Pour Étienne, la désobéissance est fondamentale : « Moi je crois à la désobéissance civile. Une grande partie de l’avancement de la loi passe par la désobéissance civile, qui n’a rien à voir avec la violence. Si on veut parler de violence, l’État et les compagnies exercent une violence très pernicieuse et subtile, constamment », rappelle-t-il. Une partie de cette violence s’incarne d’ailleurs dans la répression des militantes par le droit, notamment à la suite de gestes de désobéissances. Tant l’actualité que les propos des militantes semblent indiquer que devant les graves problèmes environnementaux de notre époque, de nombreuses citoyennes considèrent les actions de désobéissance civile comme légitimes. Comme nous l’ont appris nos participantes, il arrive également que certaines juges traitent les désobéisseuses du mouvement vert avec certains égards, reconnaissant la légitimité de la cause et du geste.
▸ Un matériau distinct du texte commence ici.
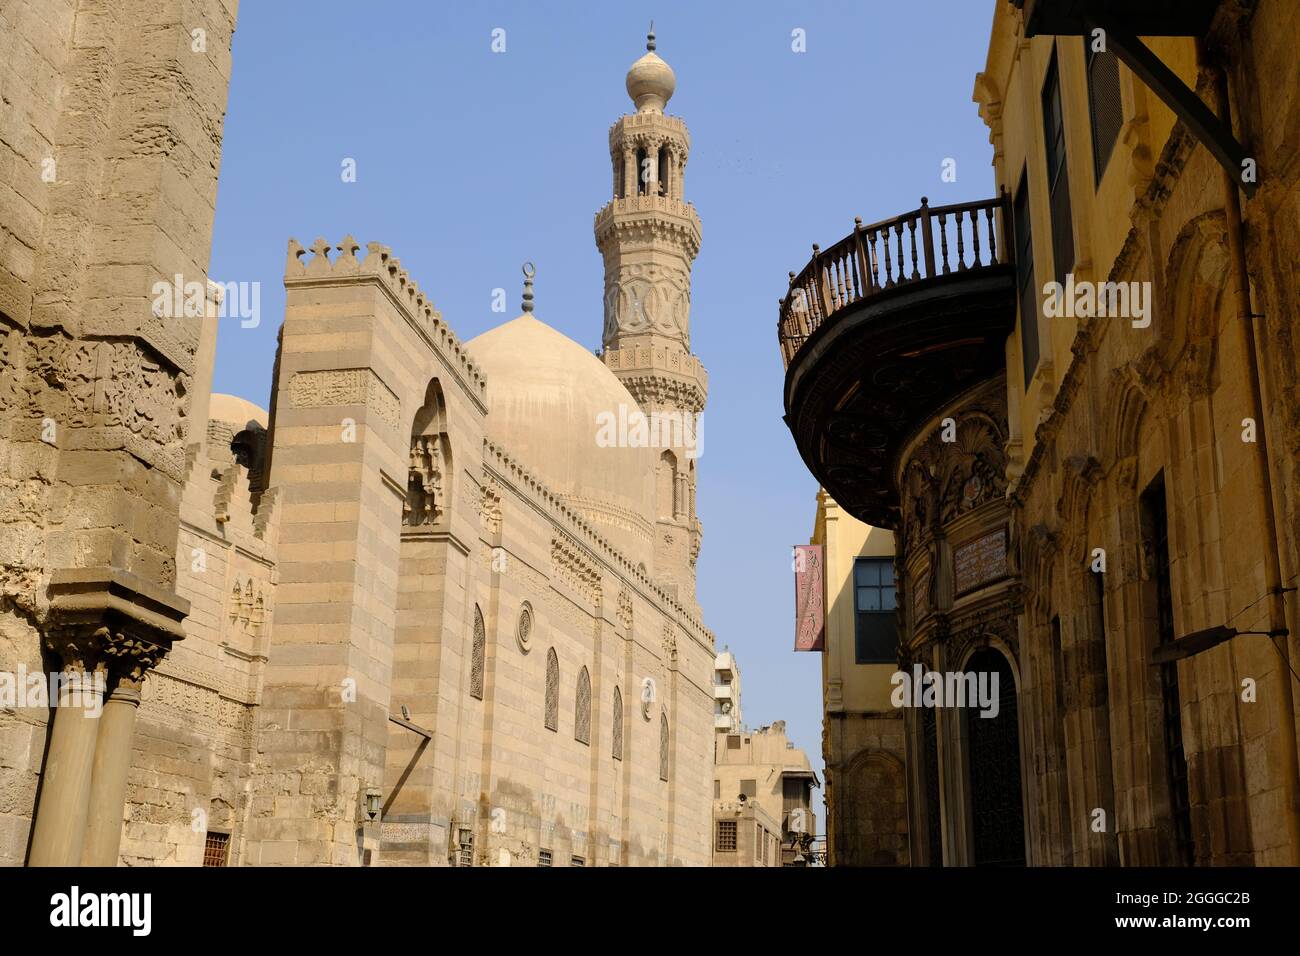 Egypt Cairo - Al-Muizz street Old city Stock Photo

Il est intéressant de se demander comment l’État et le droit composeront avec la multiplication de ces gestes dans un contexte d’urgence climatique de plus en plus reconnue par l’opinion publique. Selon Jurgen Habermas, la désobéissance civile devrait être envisagée différemment, et potentiellement être admise comme une composante normale

146 de la culture politique d’une communauté démocratique346. Il souligne qu’un État de droit démocratique « ne demeurerait pas identique à lui-même s’il ne faisait pas ressortir qu’il voit ici dans le contrevenant à la règle un gardien potentiel de sa légitimité »347.
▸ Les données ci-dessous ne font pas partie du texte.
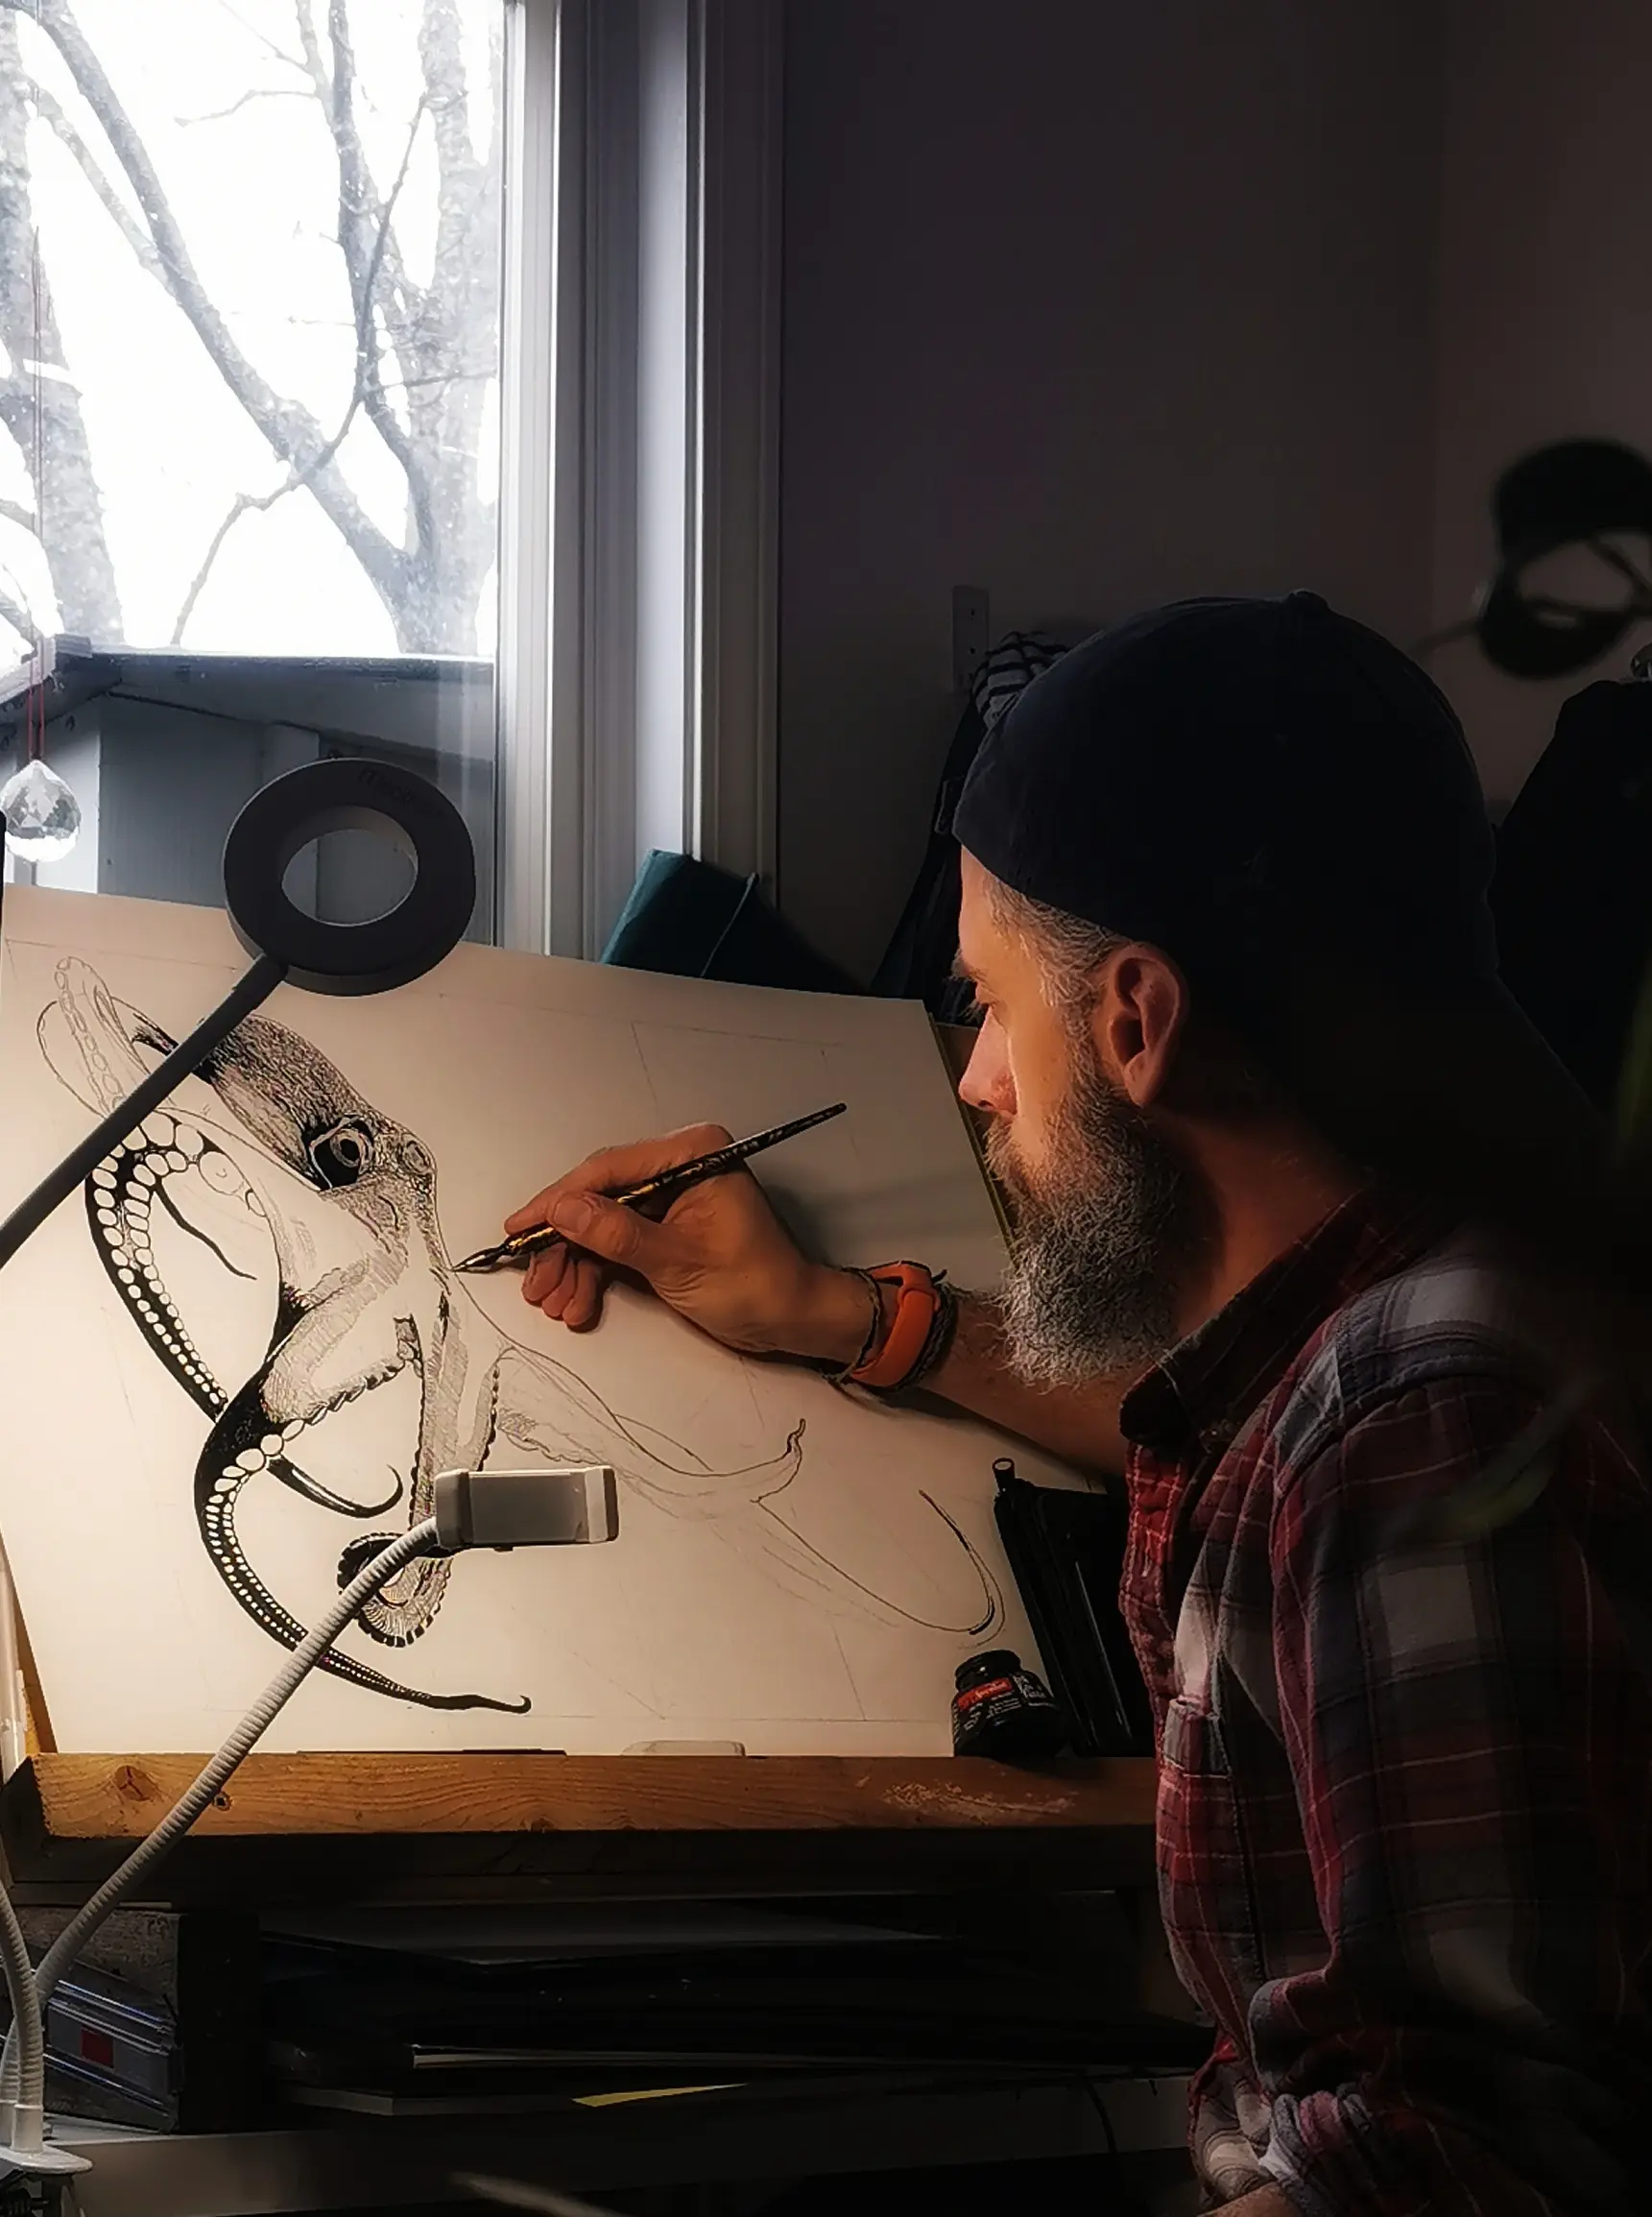 Meet Adam Bartosik, illustrator

Le fait que la désobéissance entraine des coûts importants pour les accusées soulève une autre considération. La défense engendre des frais d’avocates importants et les condamnations comportent souvent une dimension financière pour l’individu, qui doit dédier un temps non-rémunéré à des travaux communautaires ou délier les cordons de sa bourse pour payer une amende. Là où l’action bénéficie au mouvement et à la collectivité, les conséquences demeurent individuelles. La solidarité se manifeste souvent, mais ne suffit pas à soutenir les désobéisseuses. Quelques-unes de nos informatrices ont évoqué l’idée d’un fonds de défense commun disponible pour appuyer ce genre de frais, répartissant les coûts de la judiciarisation entre les différents groupes du mouvement vert. Nous retenons ici le commentaire d’Ophélie, qui n’a jamais fait de désobéissance civile, mais apprécie grandement la nature et la portée de ces actions. Elle réfléchit au rôle de soutien que les militantes et groupes environnementaux mieux nantis comme celui dans lequel elle s’implique pourraient assurer auprès des personnes judiciarisées :

Je trouve ça difficile parce que pour [mon organisation] c’est comme si ça n’existe pas, on n’en parle pas, alors que dans la stratégie on les soutient, on se dit as-tu vu la dernière action!? et on est contents. Alors que ce sont des personnes qui s’exposent, qui deviennent très vulnérables, s’exposent à plein de conséquences et ne sont pas toujours bien vues du public. Il y a des militants qui se rendent vulnérables pour le bien d’une plus grande cause, et on n’est pas là pour les soutenir. Il y a comme un travail critique à faire, au niveau personnel et organisationnel. C’est facile de se laver les mains et de dire qu’on n’a pas le droit d’appuyer les actions de désobéissance civile, mais rien n’empêche qu’on pourrait, je ne sais pas, payer les services d’avocats, n’importe quoi.